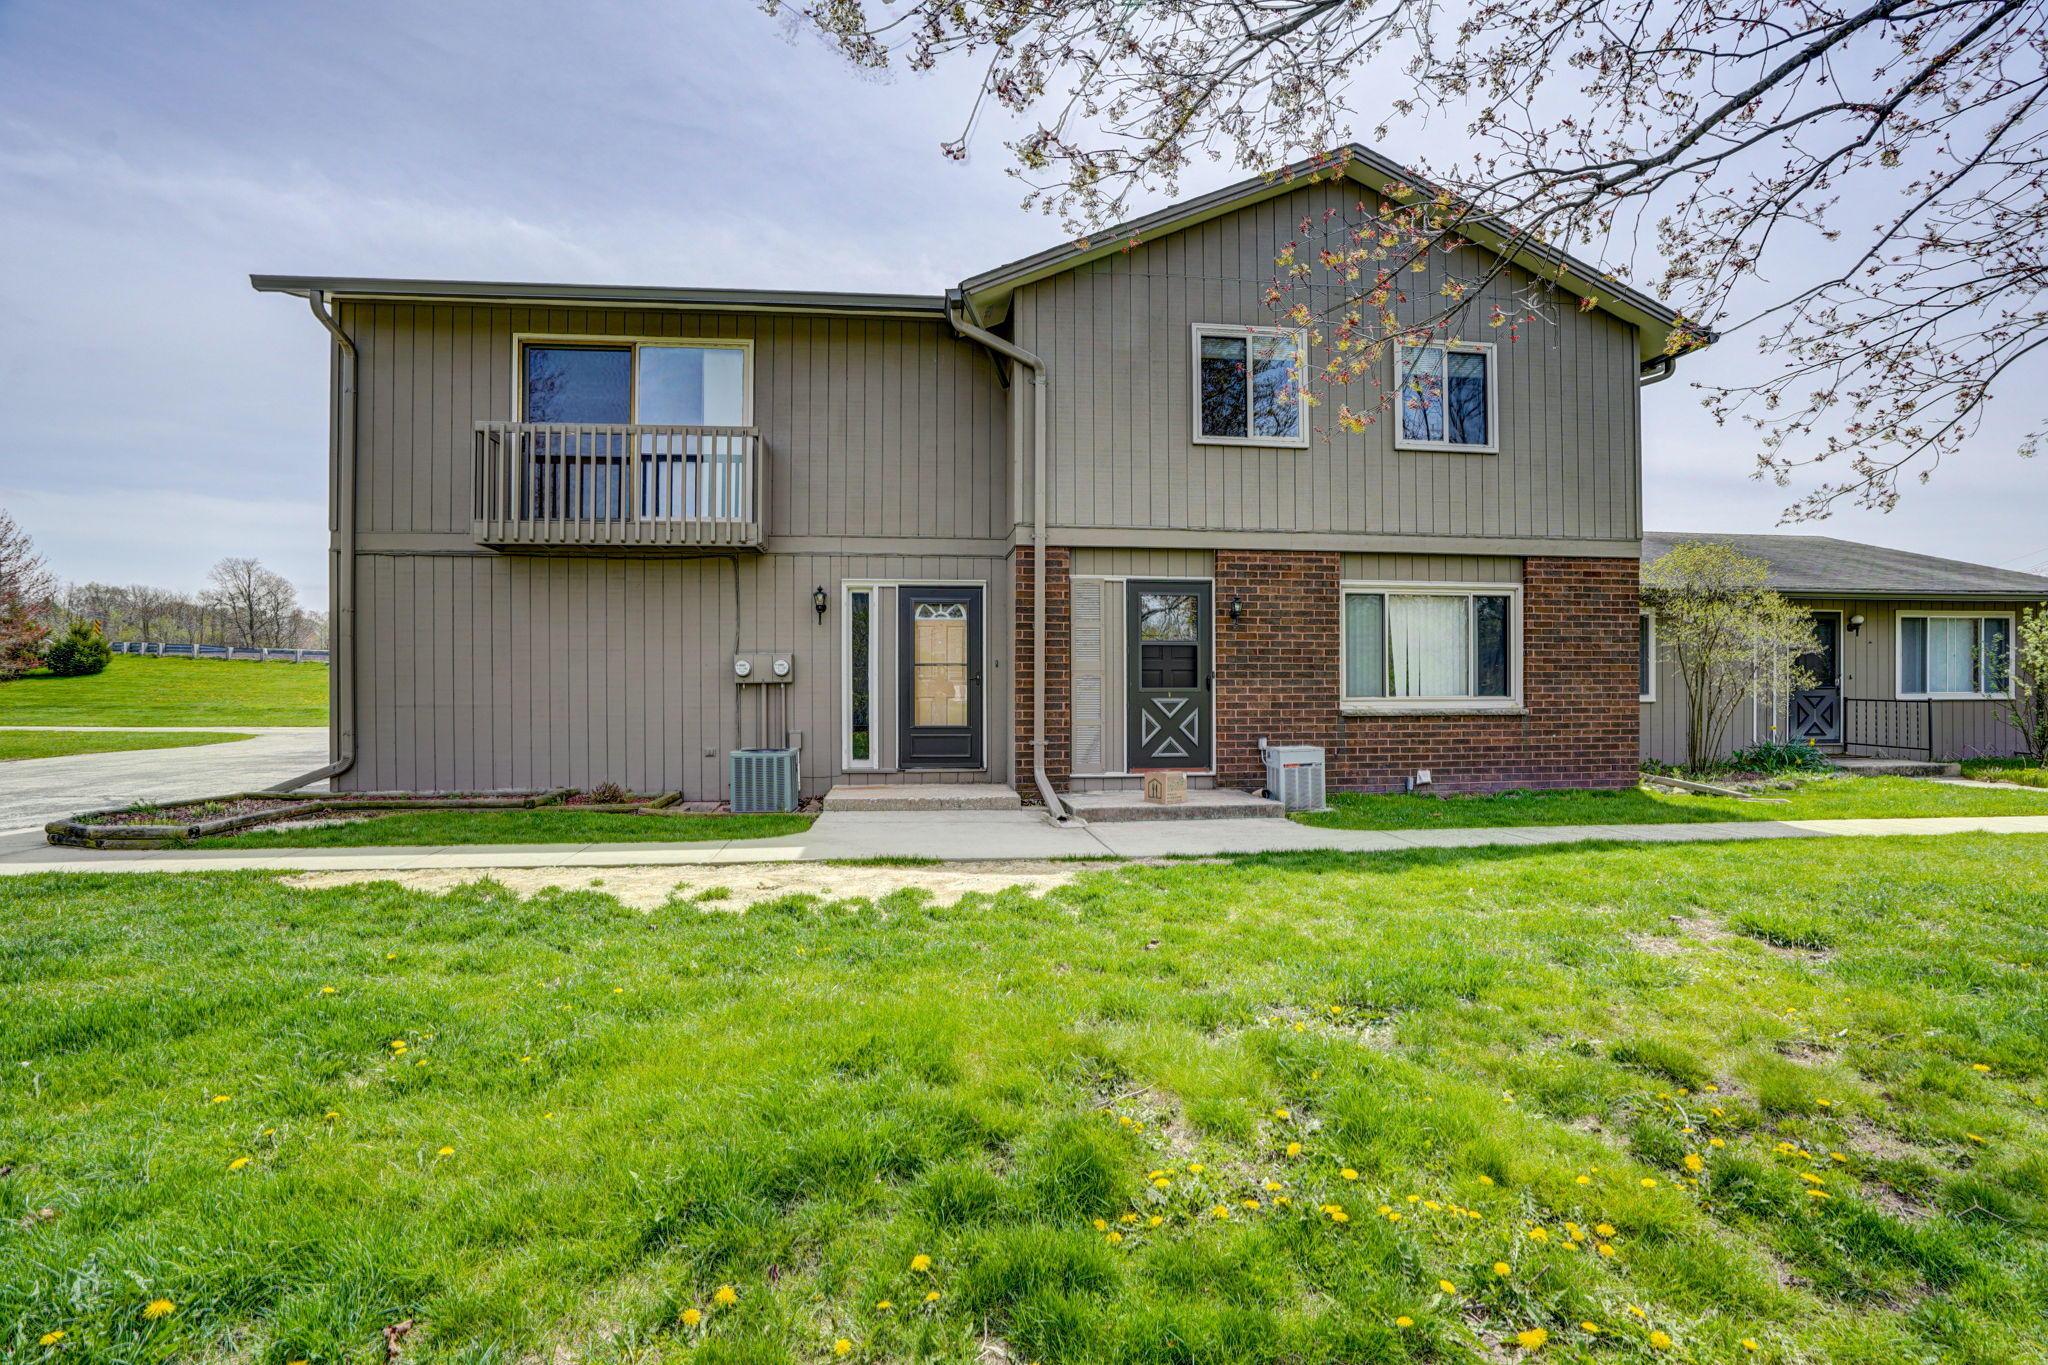 W1104 Miramar Rd, East Troy, Wisconsin 53120, 2 Bedrooms Bedrooms, ,1 BathroomBathrooms,Condominiums,For Sale,Miramar Rd,2,1687435
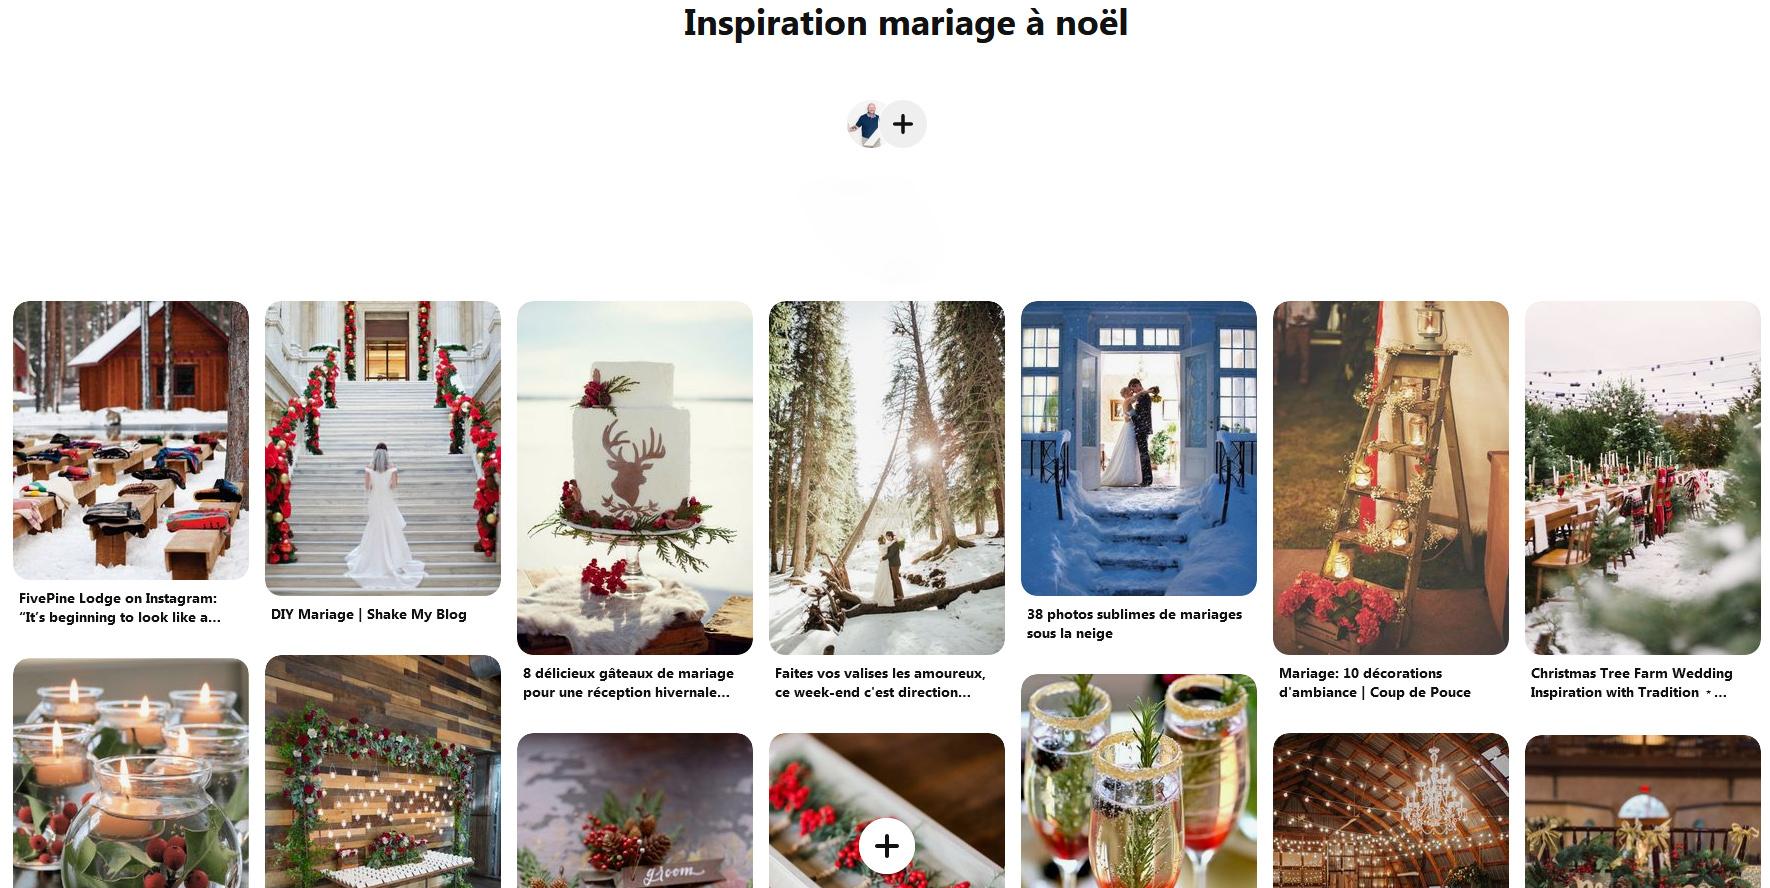 Se marier à Noël à Troyes Luc Hourriez Photographe Mariage Troyes
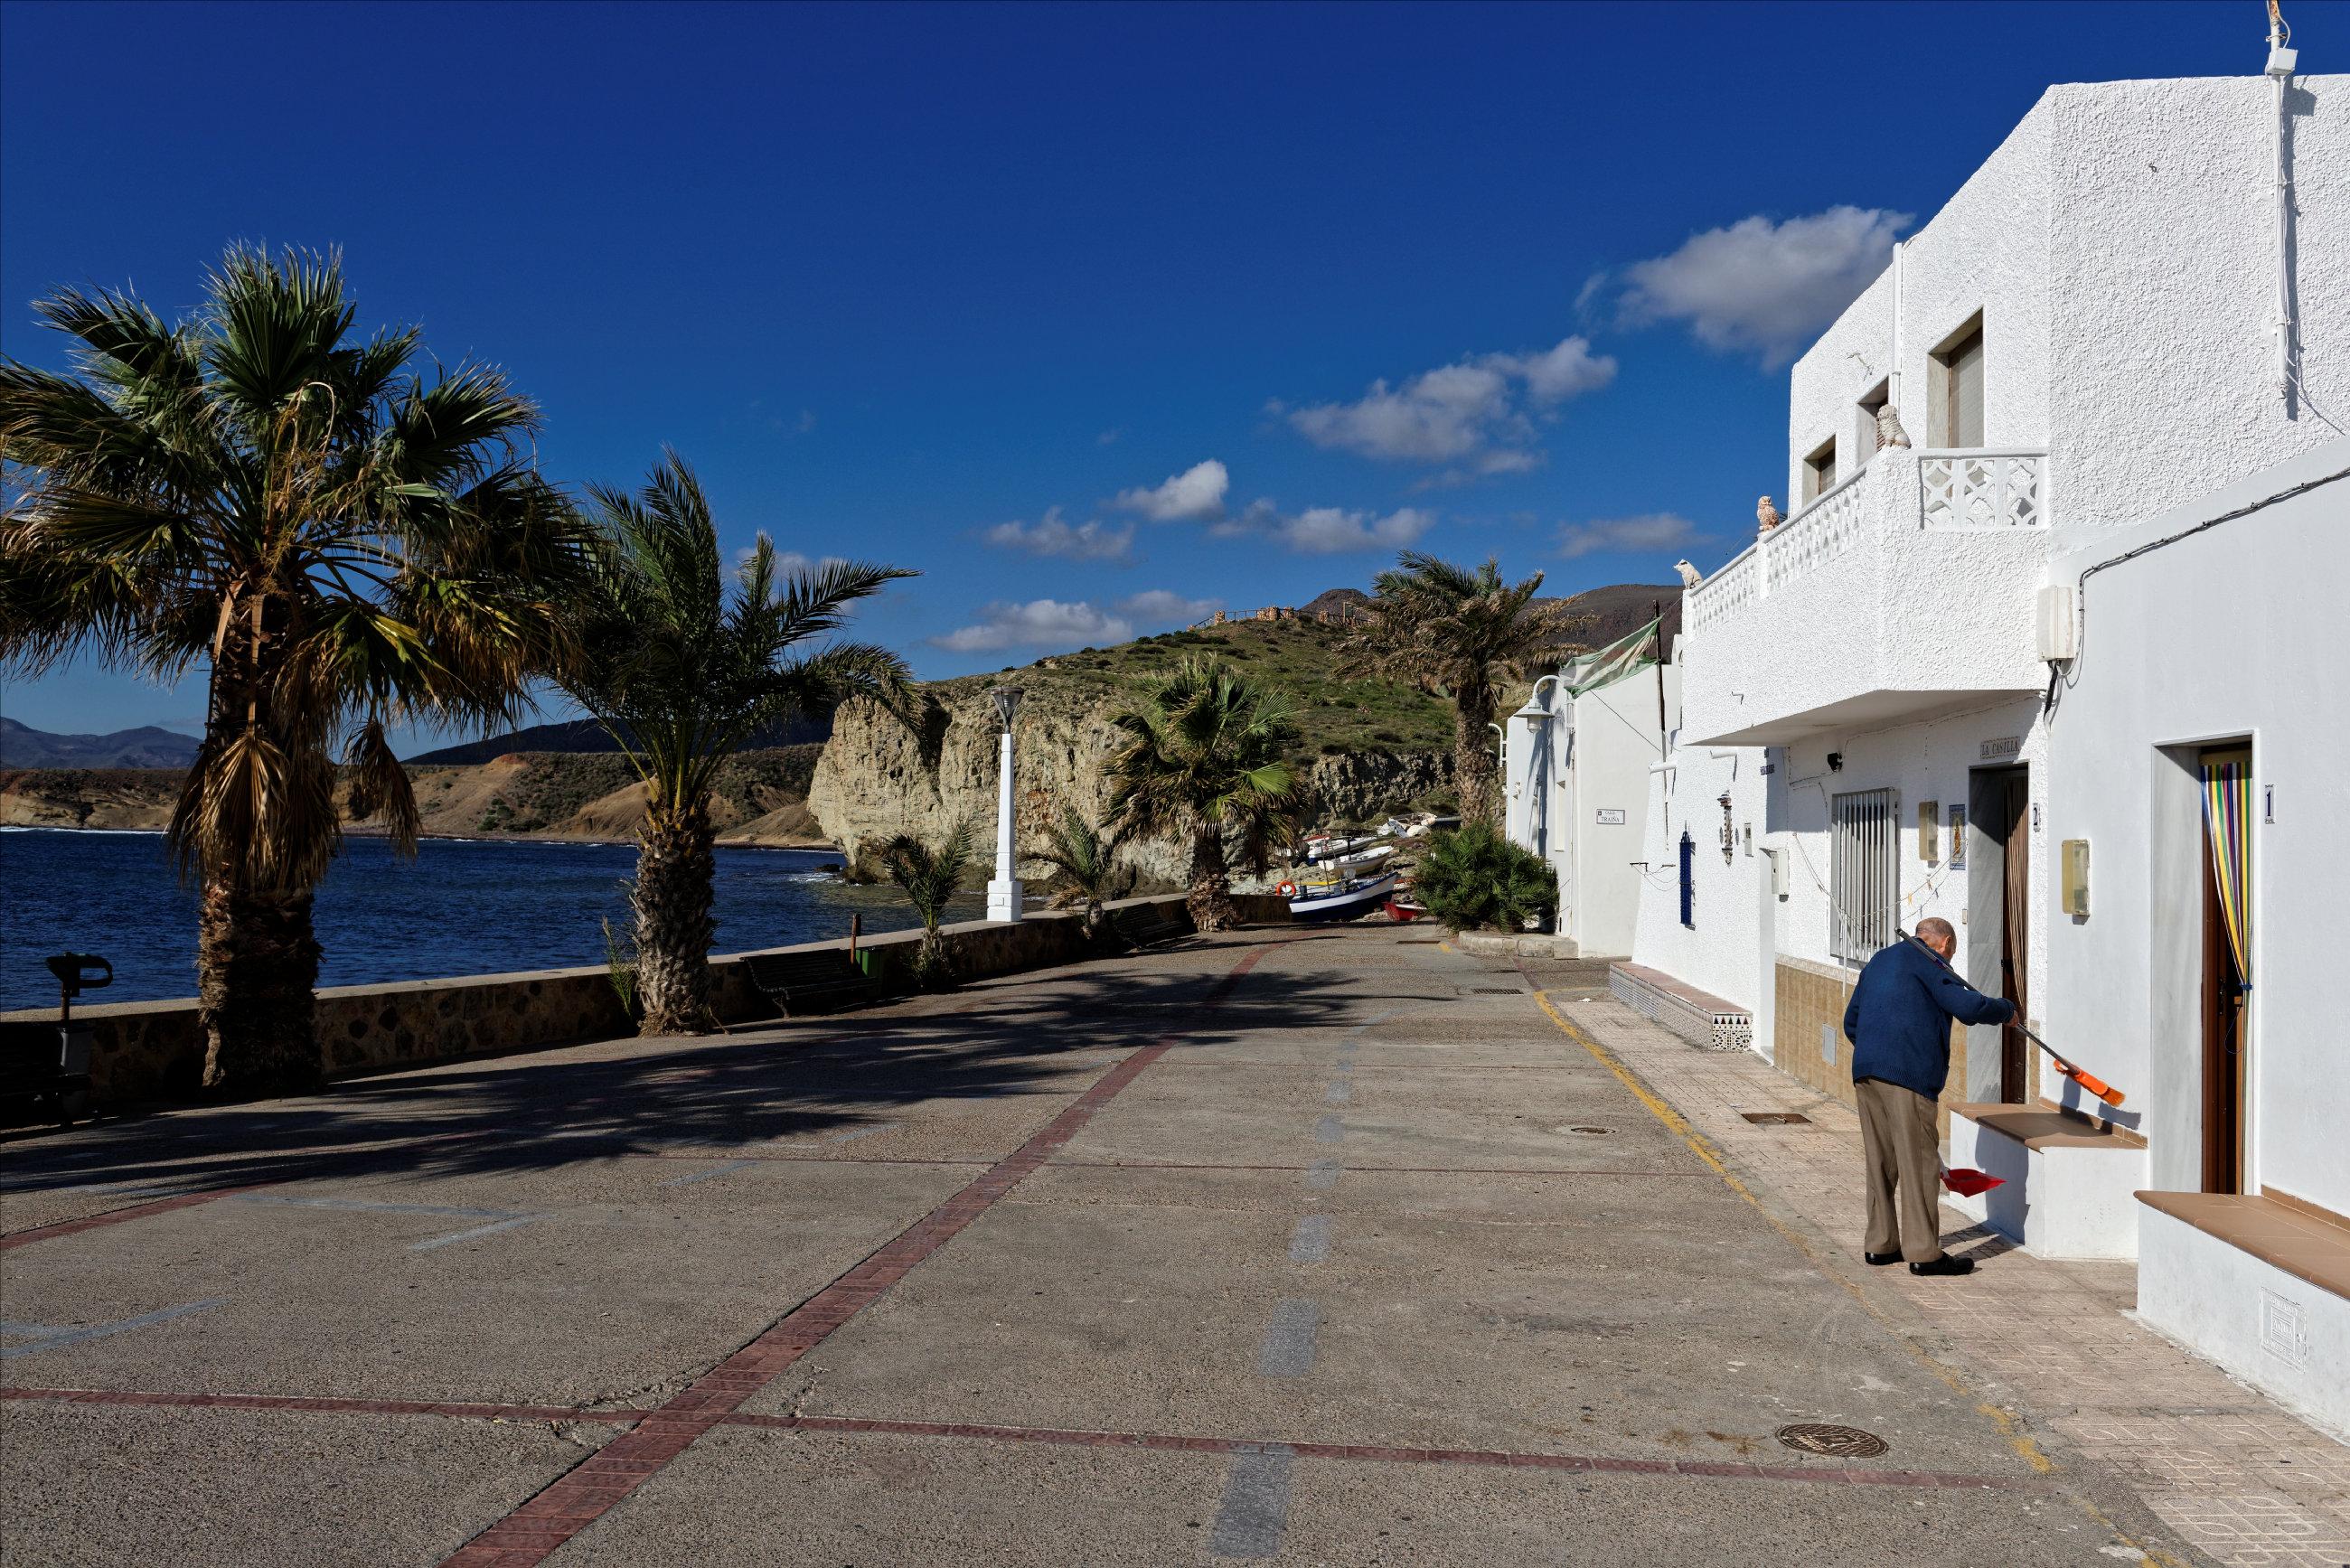 151108-La Isleta del Moro (26)

**WHAT YOU ARE ASKED TO DO:**
What this calls for is a word-for-word copy of the listing above, pictures excluded.

**WRITTEN RESPONSE:**
 W1104 Miramar Rd, East Troy, Wisconsin 53120, 2 Bedrooms Bedrooms, ,1 BathroomBathrooms,Condominiums,For Sale,Miramar Rd,2,1687435
 Se marier à Noël à Troyes Luc Hourriez Photographe Mariage Troyes
 151108-La Isleta del Moro (26)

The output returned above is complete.